Description: Request processing duration in seconds
Labels: agent_name, capability, status
Buckets: 0.005, 0.01, 0.025, 0.05, 0.1, 0.25, 0.5, 1.0, 2.5, 5.0, 10.0

agentweave_auth_check_duration_seconds

Description: Authorization check duration in seconds
Labels: agent_name, peer_id, capability
Buckets: 0.001, 0.005, 0.01, 0.025, 0.05, 0.1, 0.25, 0.5, 1.0

Gauges

agentweave_active_connections

Description: Number of active connections
Labels: agent_name, peer_id

agentweave_circuit_breaker_state

Description: Circuit breaker state (0=closed, 1=open, 2=half-open)
Labels: agent_name, peer_id

Methods

record_request

def record_request(capability: str, status: str) -> None

Record a completed request.

Parameters:

capability (str): Capability that was invoked
status (str): Status of the request (success, error, denied)

record_auth_decision

def record_auth_decision(
    peer_id: str,
    capability: str,
    decision: str
) -> None

Record an authorization decision.

Parameters:

peer_id (str): SPIFFE ID of the peer
capability (str): Capability being checked
decision (str): Decision result (allow, deny)

record_error

def record_error(
    error_type: str,
    capability: str = "unknown"
) -> None

Record an error.

Parameters:

error_type (str): Type of error (auth_error, transport_error, etc.)
capability (str): Capability where error occurred

time_request

@contextmanager
def time_request(capability: str, status: str)

Context manager to time request duration.

Parameters:

capability (str): Capability being invoked
status (str): Expected status

Example:

with metrics.time_request("search", "success"):
    await process_search()

time_auth_check

@contextmanager
def time_auth_check(peer_id: str, capability: str)

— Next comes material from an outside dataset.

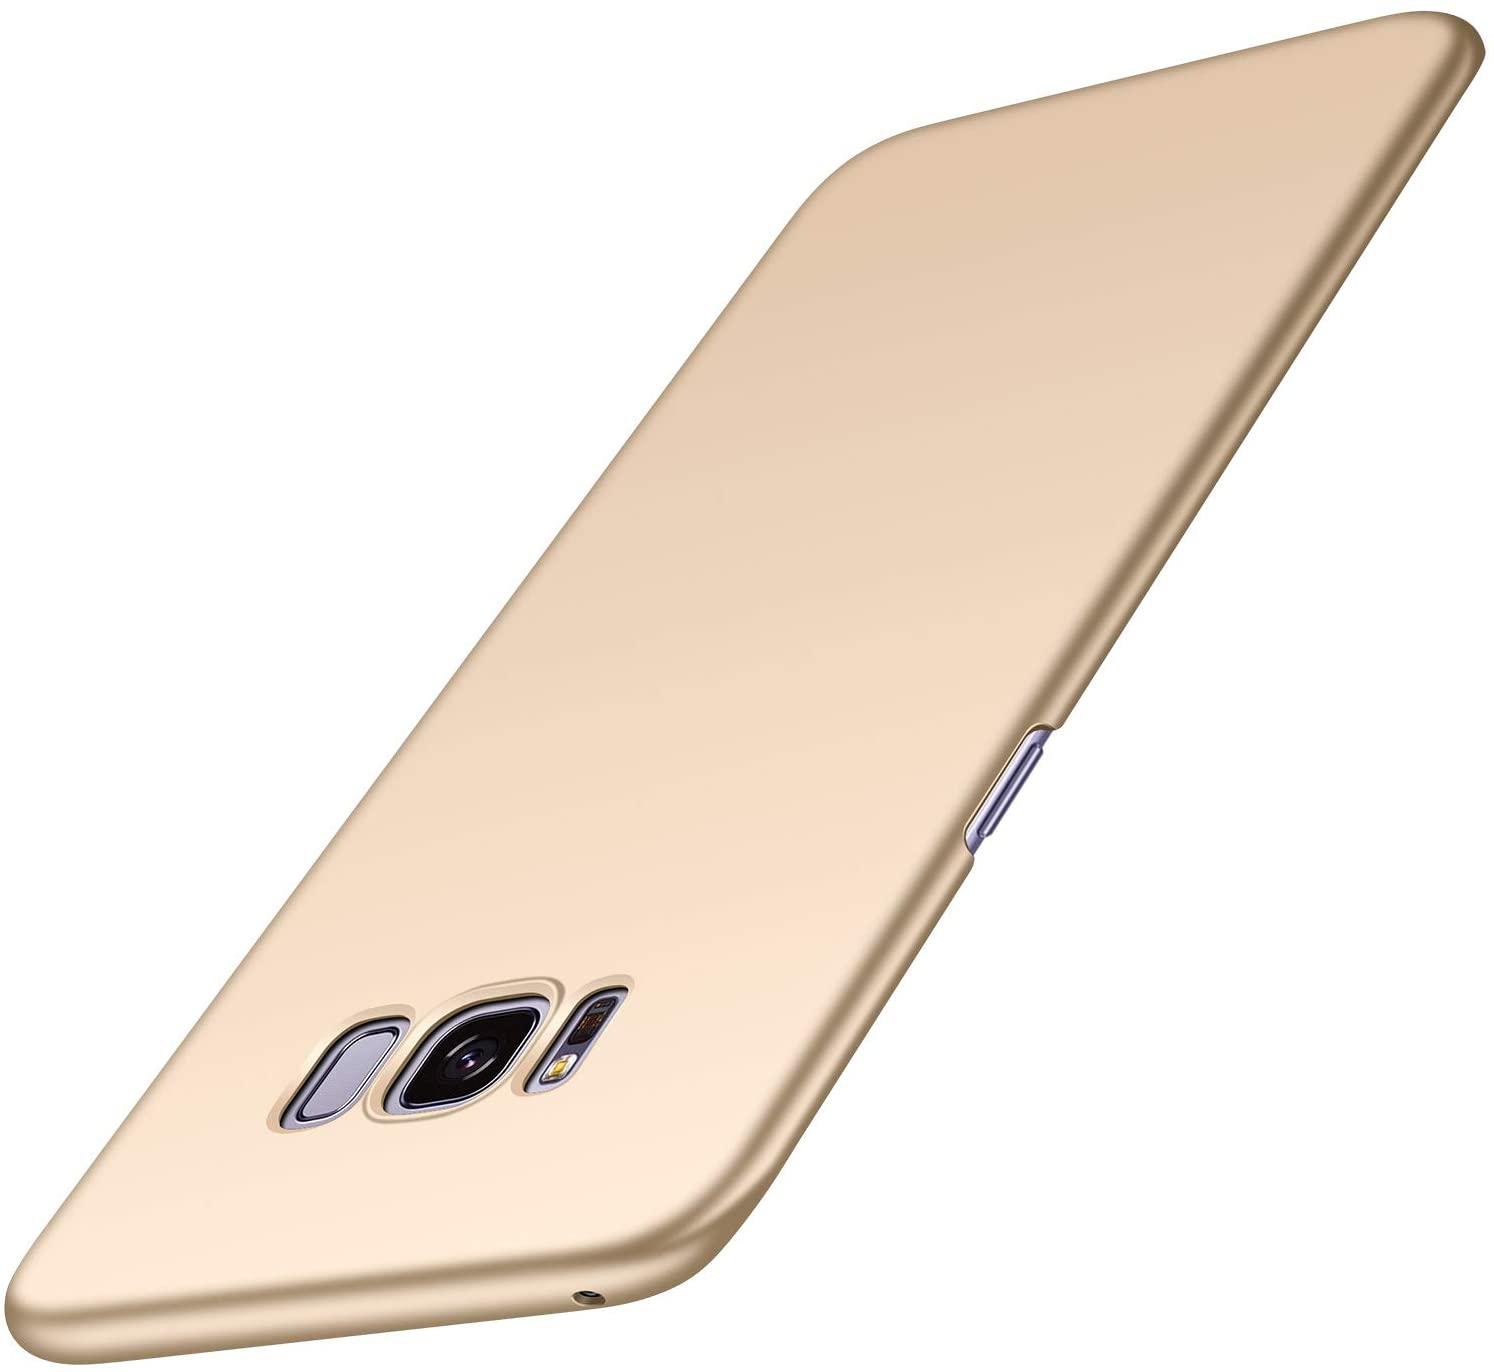 Almiao Samsung Galaxy S8+ Plus Case, [Ultra-Thin] Minimalist Slim Protective Phone Case Back Cover for Samsung Galaxy S8 Plus (Smooth Gold)
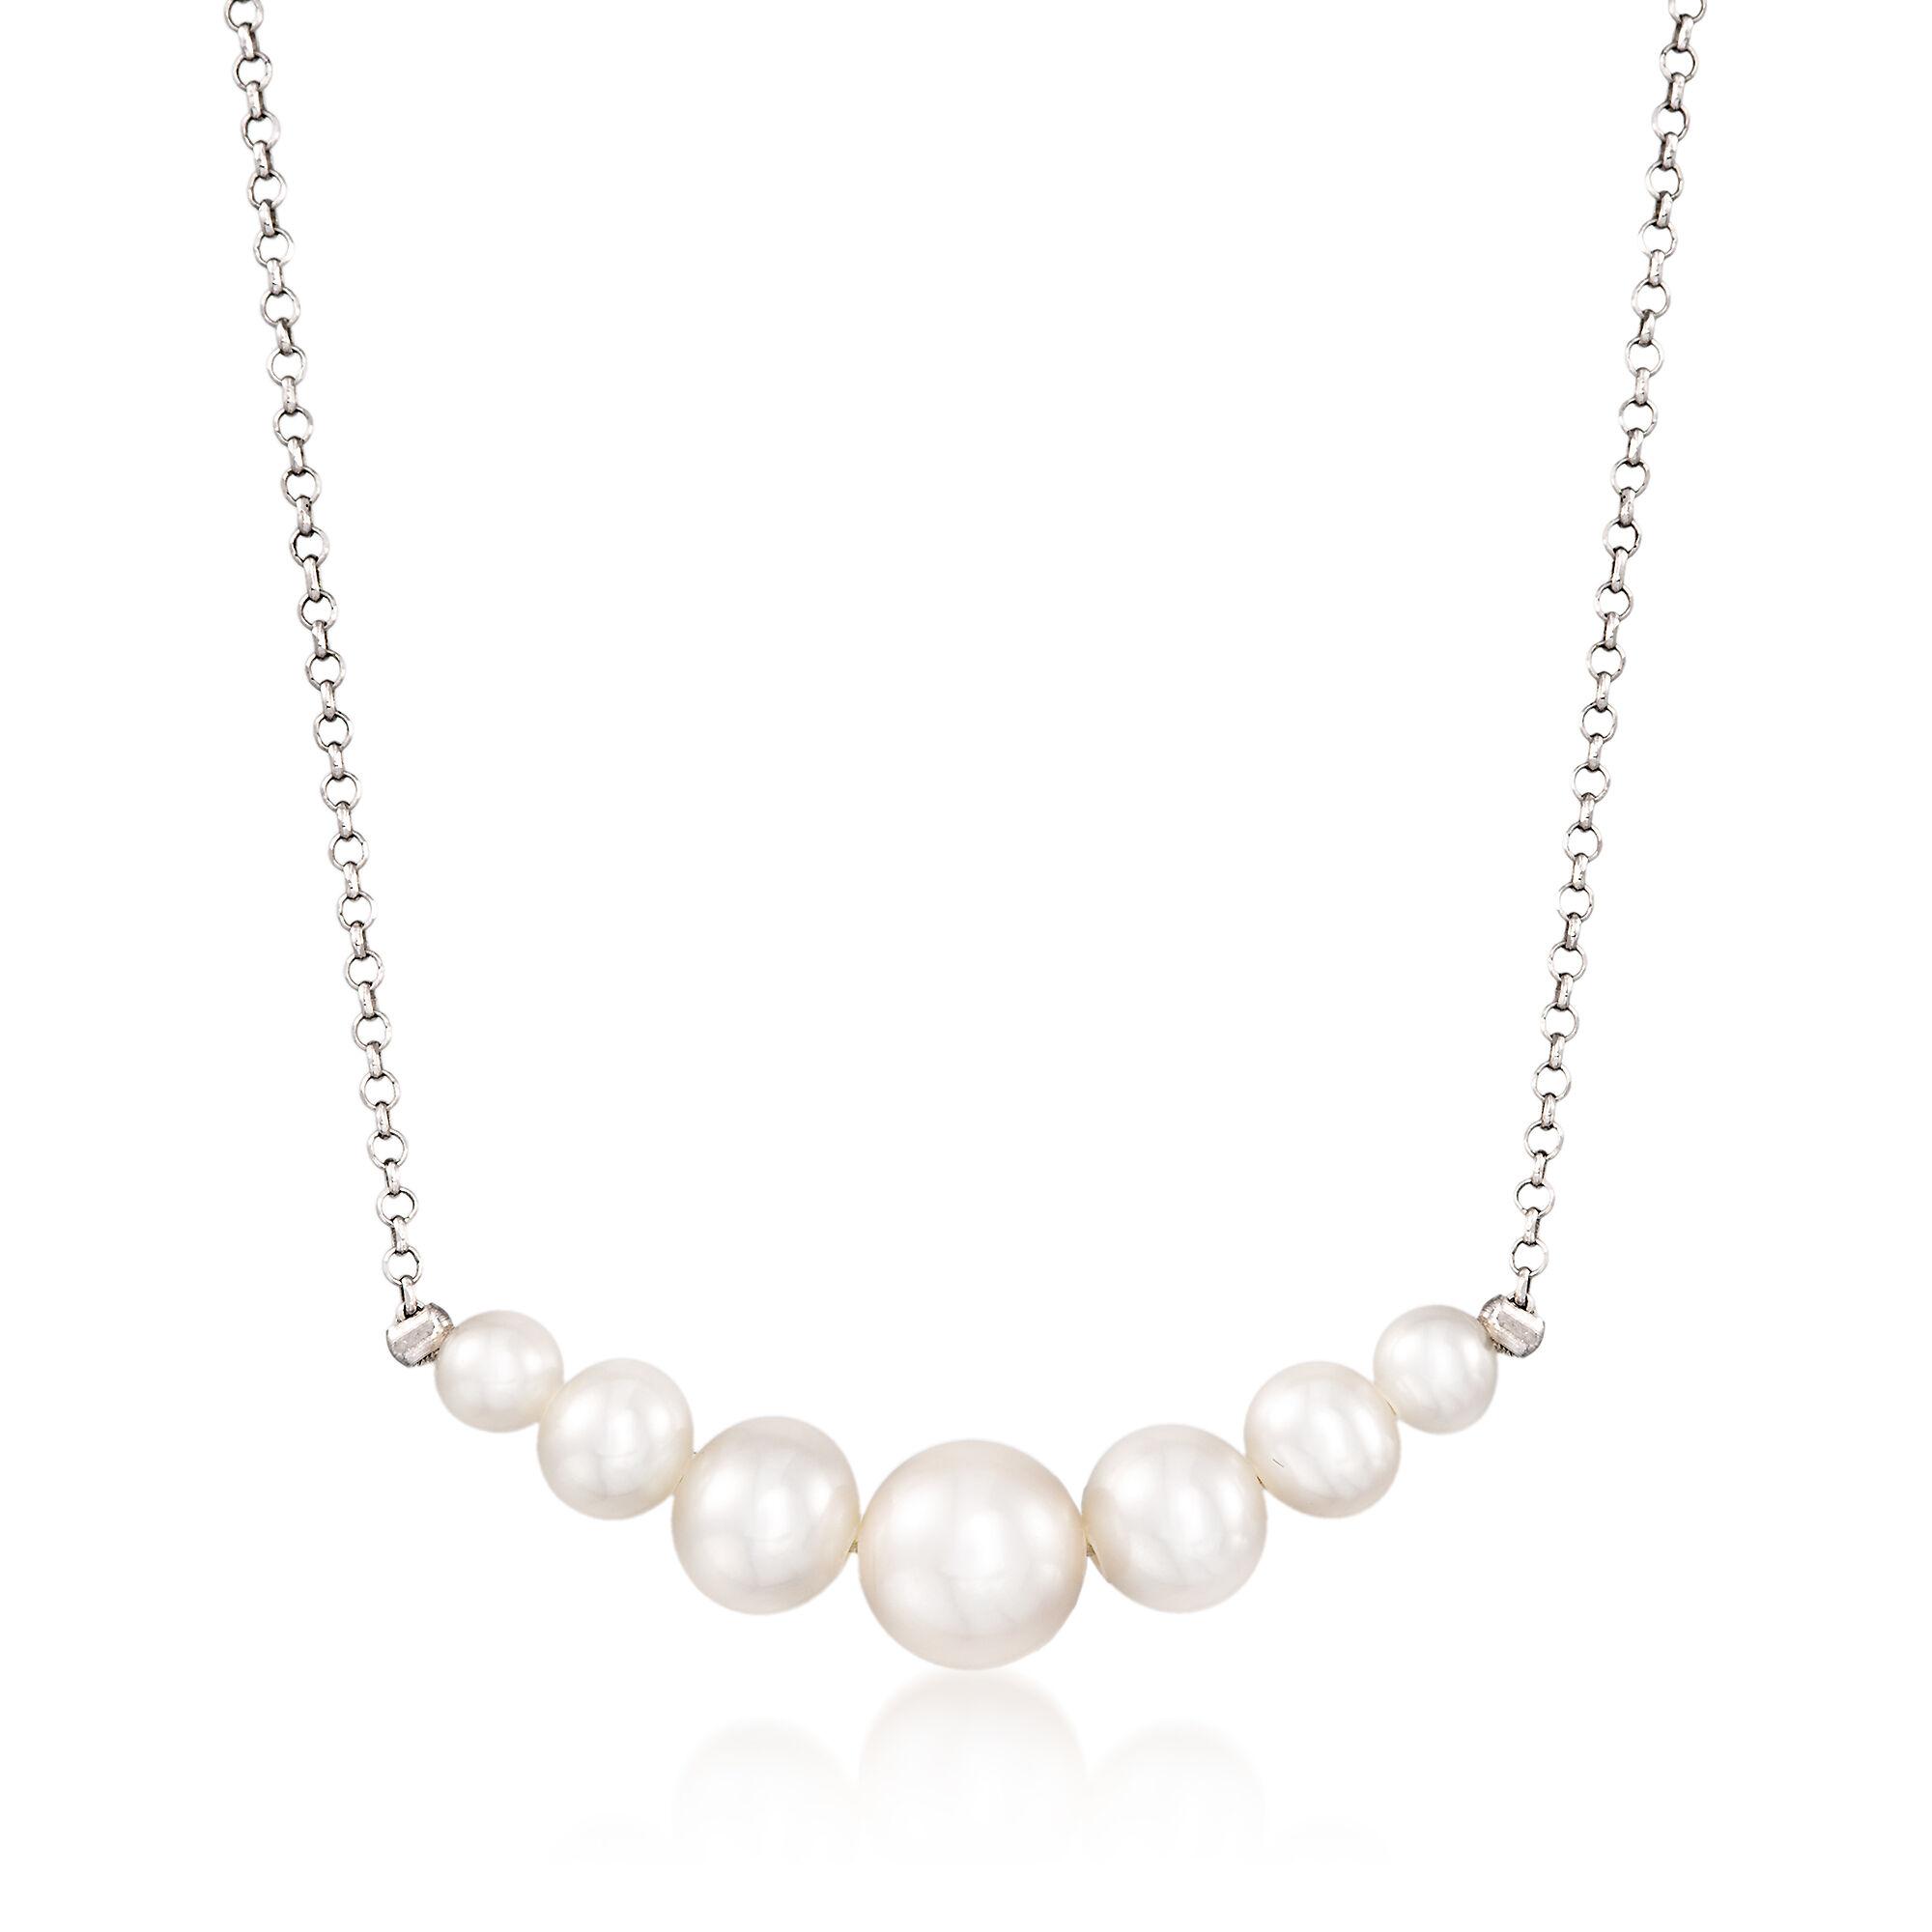 Simons Long pearly necklace da90vHtp5a

Context manager to time authorization check duration.

Parameters:

peer_id (str): SPIFFE ID of the peer
capability (str): Capability being checked

Example:

with metrics.time_auth_check(peer_id, "search"):
    decision = await check_authorization()

set_active_connections

def set_active_connections(peer_id: str, count: int) -> None

Set the number of active connections to a peer.

Parameters:

peer_id (str): SPIFFE ID of the peer
count (int): Number of active connections

increment_active_connections

def increment_active_connections(peer_id: str) -> None

Increment active connections counter.

Parameters:

peer_id (str): SPIFFE ID of the peer

decrement_active_connections

def decrement_active_connections(peer_id: str) -> None

Decrement active connections counter.

Parameters:

peer_id (str): SPIFFE ID of the peer

set_circuit_breaker_state

def set_circuit_breaker_state(peer_id: str, state: str) -> None

Set circuit breaker state for a peer.

Parameters:

peer_id (str): SPIFFE ID of the peer
state (str): State of circuit breaker (closed, open, half_open)

start_exposition_endpoint

def start_exposition_endpoint(
    port: int = 9090,
    addr: str = "0.0.0.0"
) -> None

Start Prometheus metrics exposition HTTP server.

Parameters:

port (int): Port to listen on (default: 9090)
addr (str): Address to bind to (default: "0.0.0.0")

Example

from agentweave.observability import MetricsCollector

# Create metrics collector
metrics = MetricsCollector(agent_name="search-agent", enabled=True)

# Start metrics endpoint
metrics.start_exposition_endpoint(port=9090)

# Record metrics
metrics.record_request("search", "success")
metrics.record_auth_decision(
    peer_id="spiffe://example.com/client",
    capability="search",
    decision="allow"
)

# Time operations
with metrics.time_request("search", "success"):
    result = await perform_search()

# Track connections
metrics.increment_active_connections("spiffe://example.com/client")

Tracing

TracingProvider

Import: from agentweave.observability import TracingProvider

Manages OpenTelemetry distributed tracing for secure agents with W3C Trace Context propagation.

Constructor

TracingProvider(
    agent_name: str,
    service_version: str = "1.0.0",
    otlp_endpoint: str | None = None,
    enabled: bool = True
)

Parameters:

agent_name (str): Name of the agent (added to trace metadata)
service_version (str): Version of the service (default: "1.0.0")
otlp_endpoint (str, optional): OTLP collector endpoint (e.g., "http://collector:4317")
enabled (bool): Whether tracing is enabled (default: True)

Context Managers

trace_incoming_request

@contextmanager
def trace_incoming_request(
    capability: str,
    caller_id: str,
    context: dict[str, str] | None = None
)

Create a span for an incoming request with automatic parent context extraction.

Parameters:

capability (str): Capability being invoked
caller_id (str): SPIFFE ID of the caller
context (dict, optional): Trace context from caller (for propagation)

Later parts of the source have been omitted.